Example 1 : Valid Partitions
Example 1:
B [ 1, 2, |6, 7] # right pertition is inclusive
A [ 5, |10 ]
1,2,5 < 6,7,10
Example 2 : Valid Partitions
Example 2 :
B [ |5, 6, 7, 8, 9 ] # consider left out of bounds position to be -inf and right out of bounds position to be +inf
A [ 1, 2, 3, 4| ]
1,2,3,4 < 5,6,7,8,9
Note that if you pick a partition on array A, there is only one corresponding partition on array B because we are looking for the set of partitions which divide the combined arrays in two halves.

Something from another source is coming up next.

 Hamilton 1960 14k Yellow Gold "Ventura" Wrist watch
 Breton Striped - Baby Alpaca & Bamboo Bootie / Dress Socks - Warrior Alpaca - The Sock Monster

We can tell a set of partitions COULD BE a valid by verifying that the last element of the left partition of one array is less than or equal to the first element of the other arrays right partition. We can check the inverse to confirm that the partitions are in fact not valid.
We can in fact use binary search to find the correct partitions. All we need is to know which way should we move one of the partitions. We will go into this in more detail.
The idea is if we find the correct partitions, we can calculate the median by looking at the elements clustered around both partitions. Let's see how..
The first question is how should we define the partitions?
partition_a + partition_b = (m+n+1) //2 OR partition_a + partition_b = (m+n) // 2
let len(A) =m and len(B) = n
FOR ODD LENGTHED ARRAY :
B [1] ; #IFF partition_b = (m+n +1 )//2 - partition_a = 2//2 -0 = 1 But *IFF partition_b = (m+n)//2 - partition_a = 1//2 -0 = 0-0 = 0
*0 #1
A [ ] ; partition_a = (0+ 0)//2 =0
0
If we say that partition_x + partition_y = (m+n)//2 then median is in the right partition in case of odd lengthed array.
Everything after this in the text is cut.